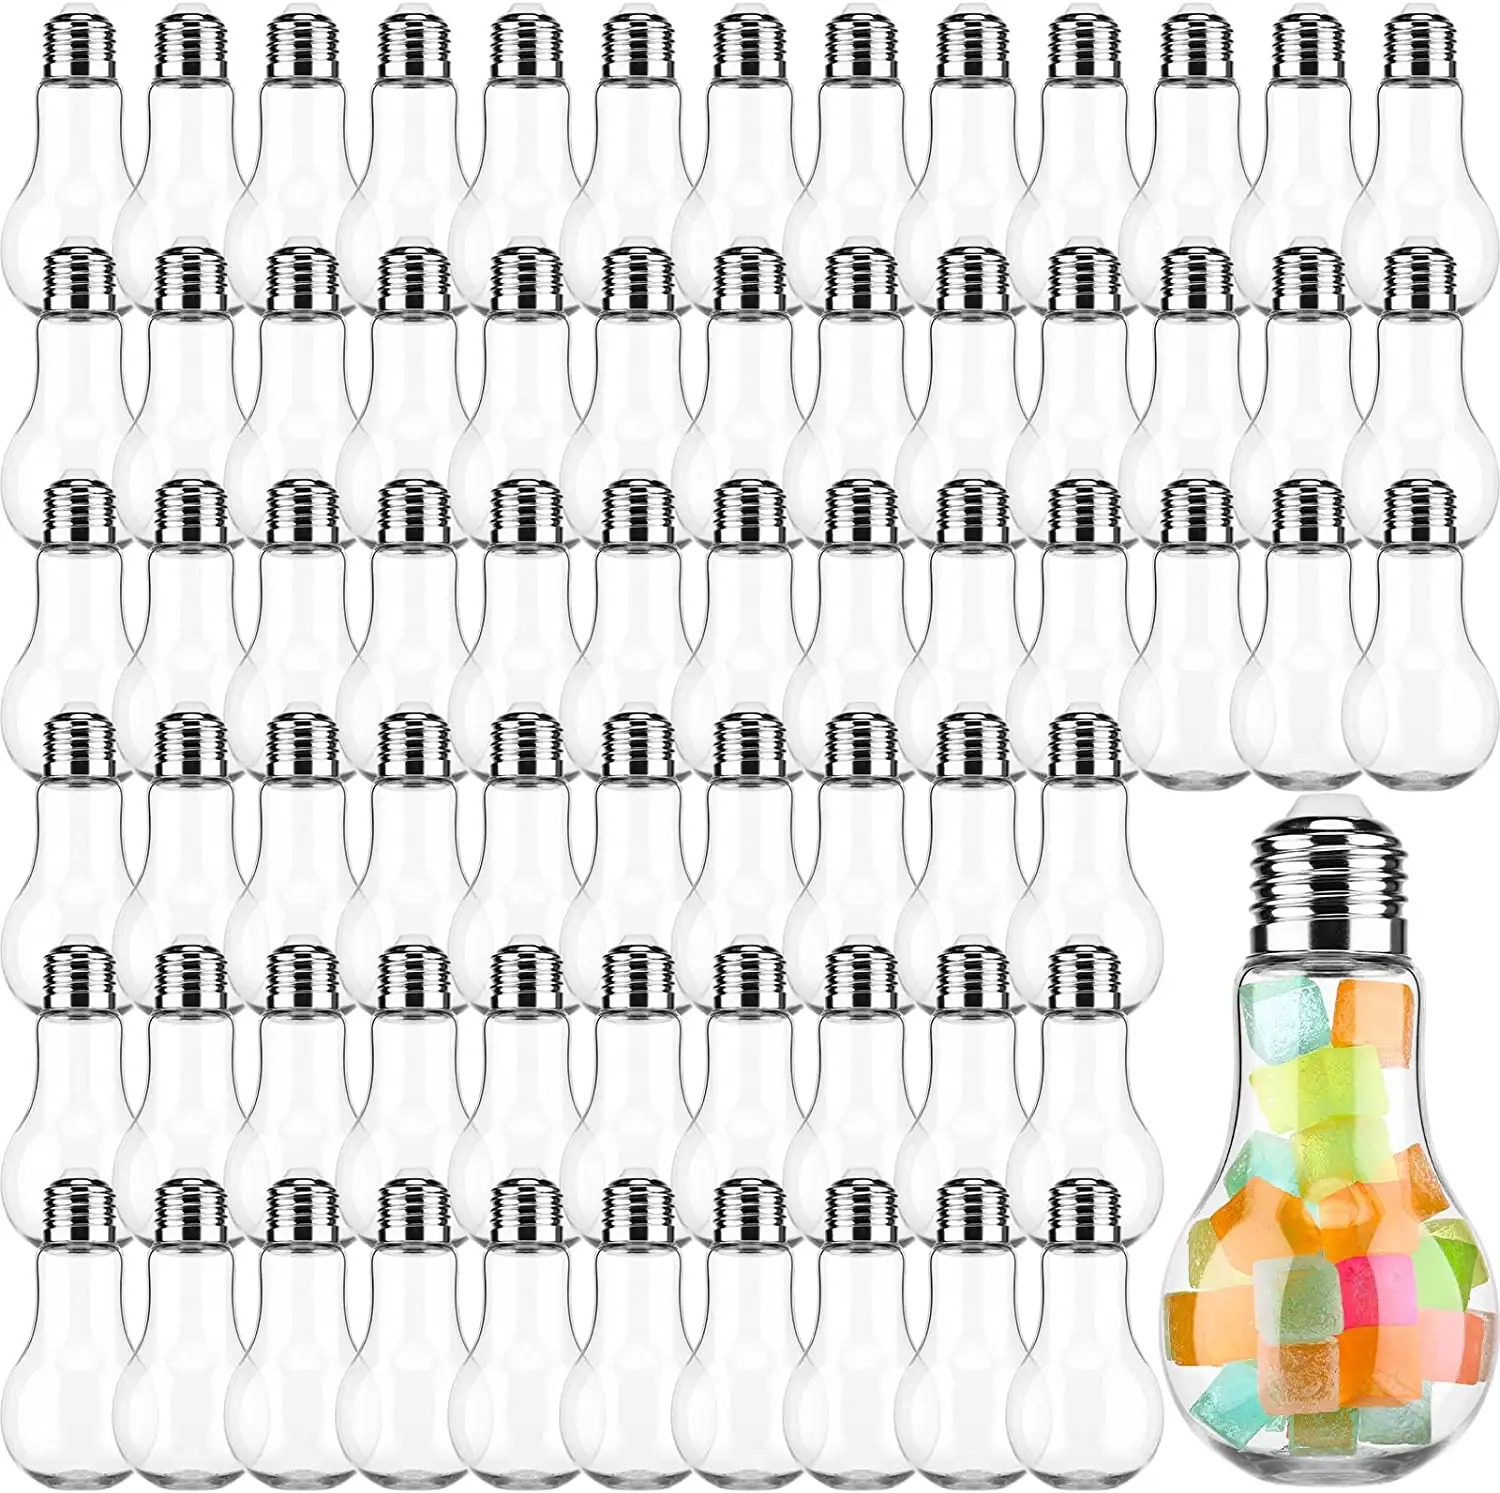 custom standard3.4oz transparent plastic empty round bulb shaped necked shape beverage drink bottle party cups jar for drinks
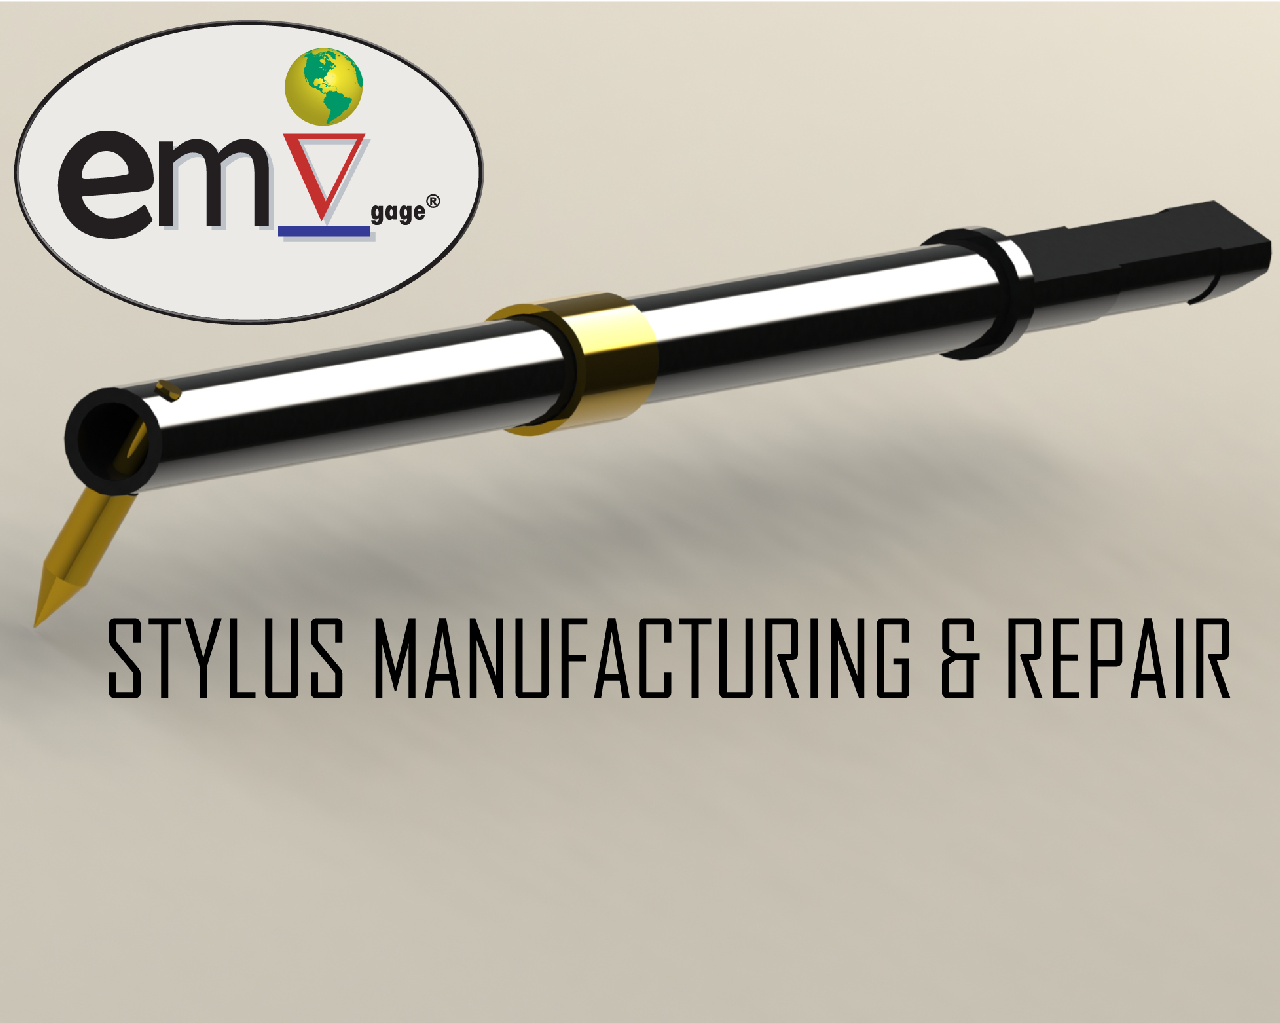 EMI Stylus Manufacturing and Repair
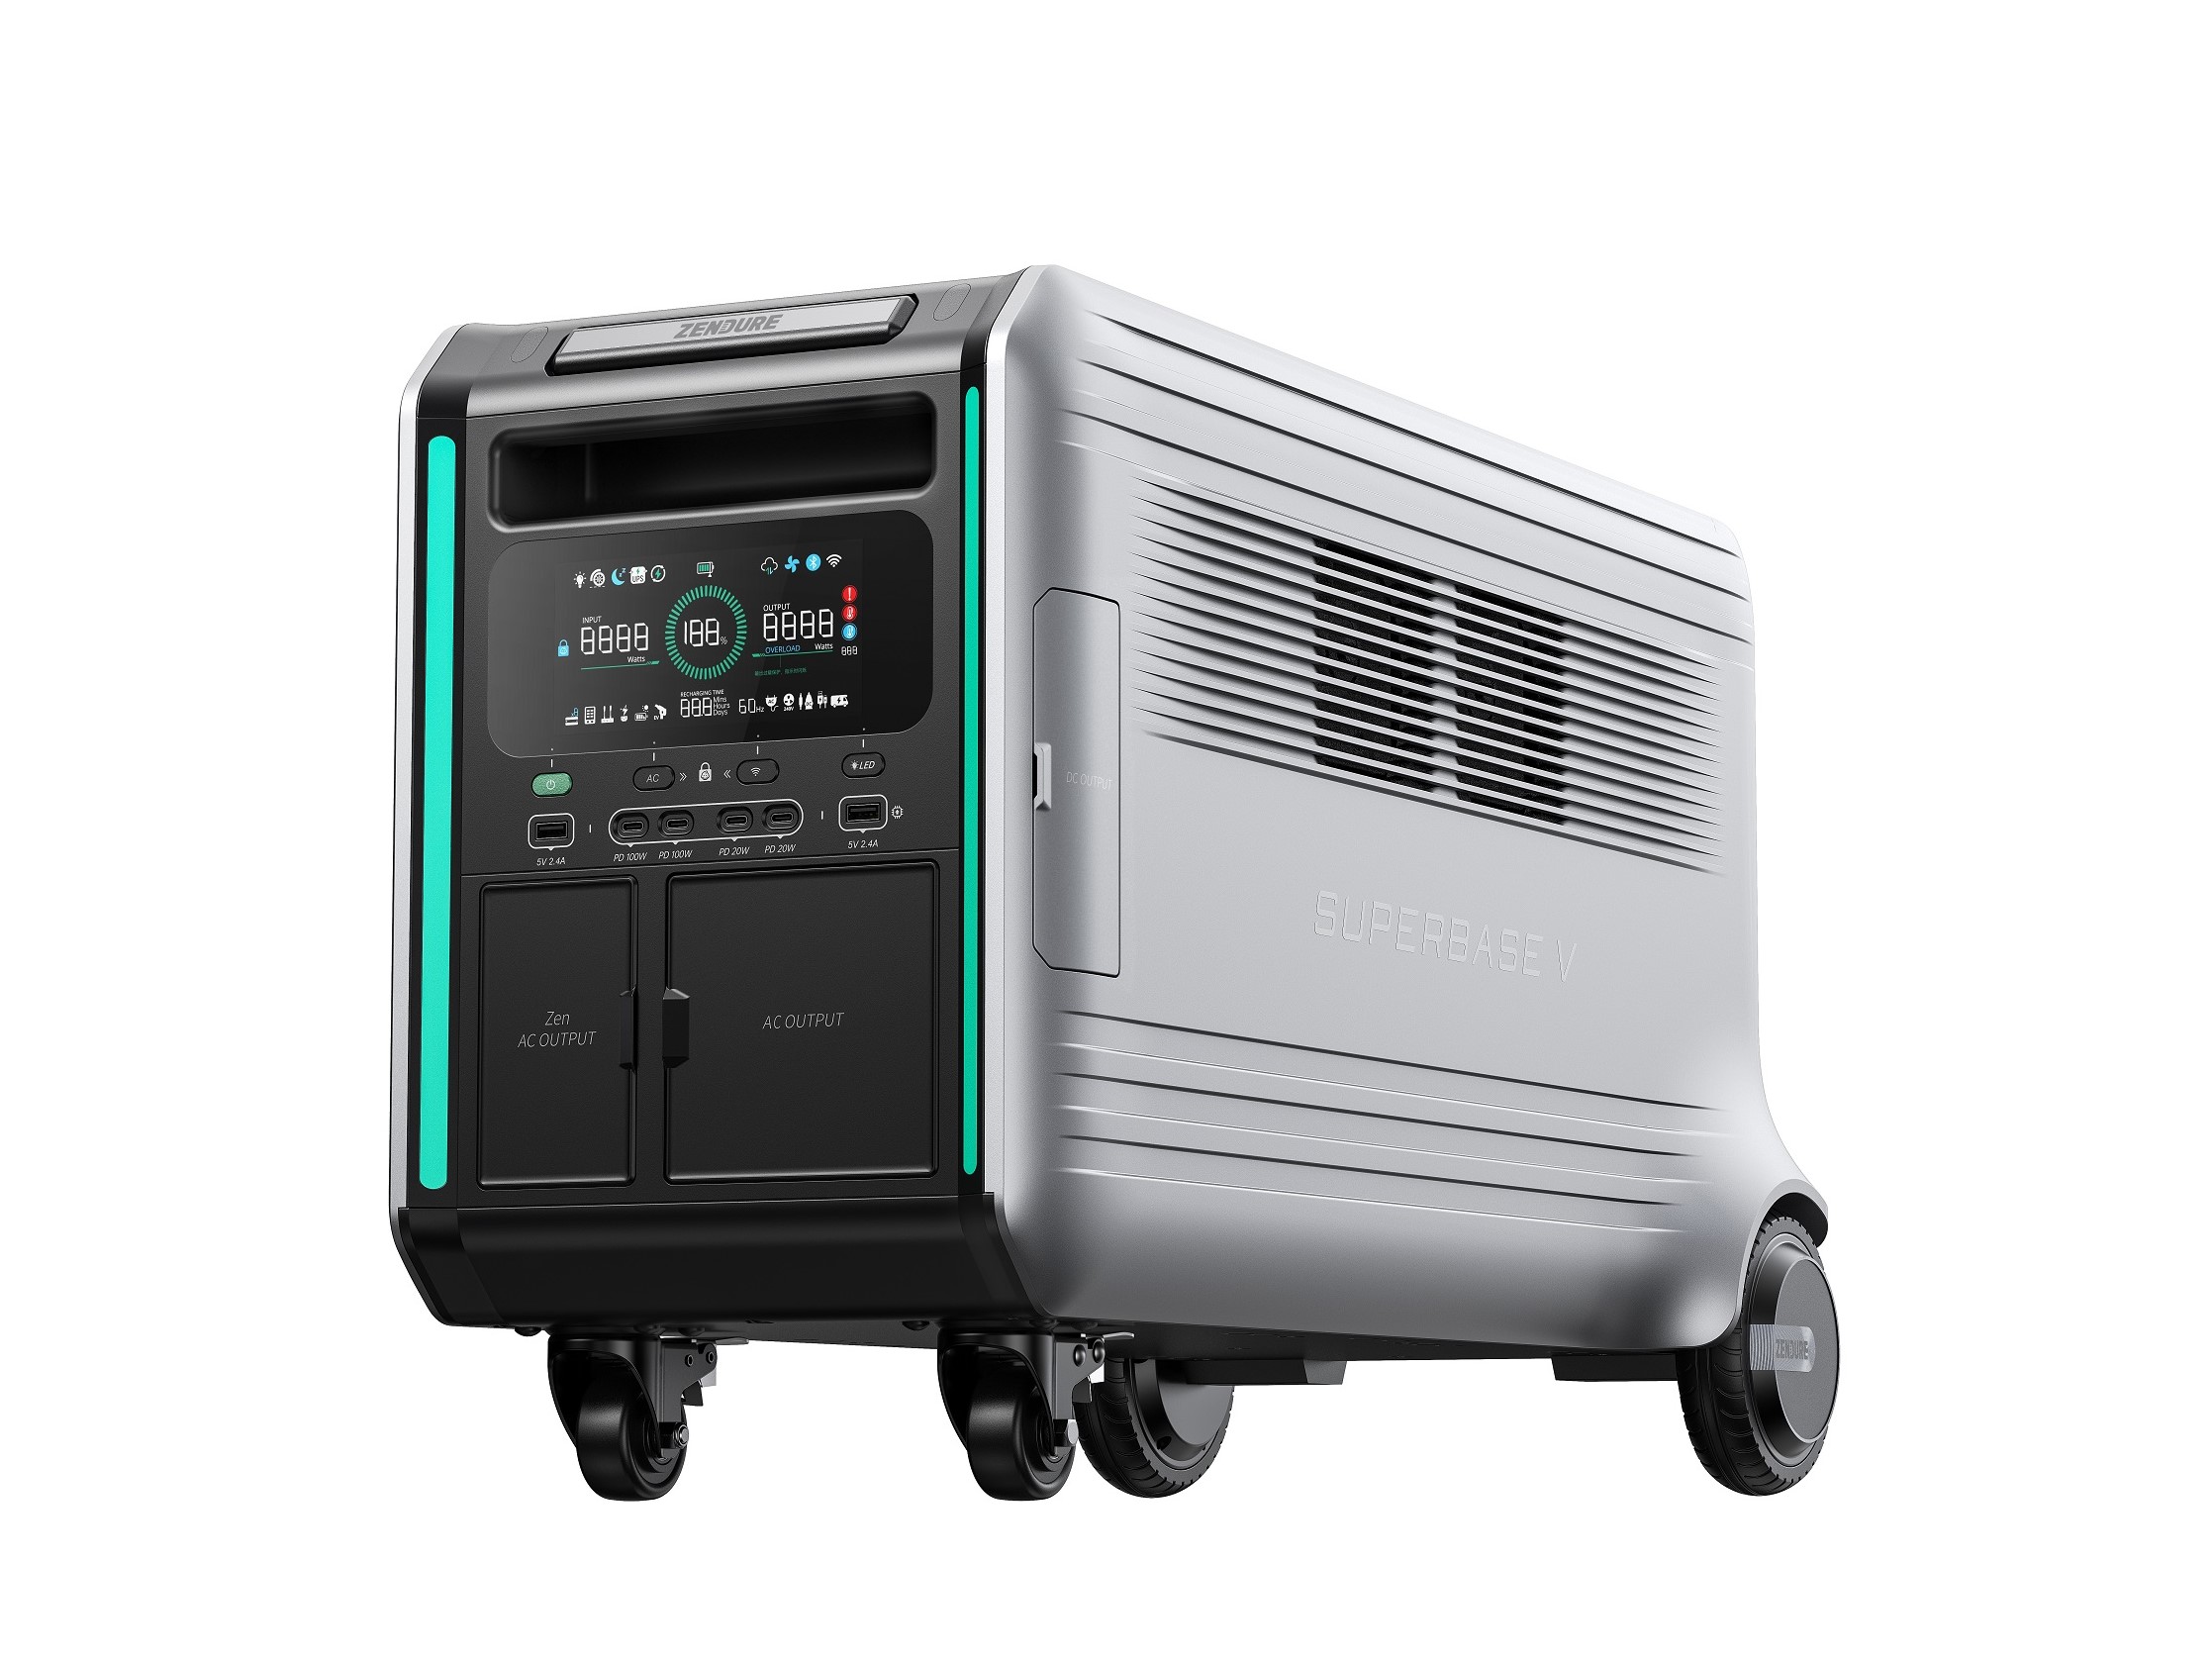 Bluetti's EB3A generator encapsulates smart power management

• **What the exercise asks**:
Please restate exactly the lines from the one containing "EMI Stylus Manufacturing and Repair" down to the end of the material, both ends kept, and do not include the pictures.

• **Answer box**:
 EMI Stylus Manufacturing and Repair
 Bluetti's EB3A generator encapsulates smart power management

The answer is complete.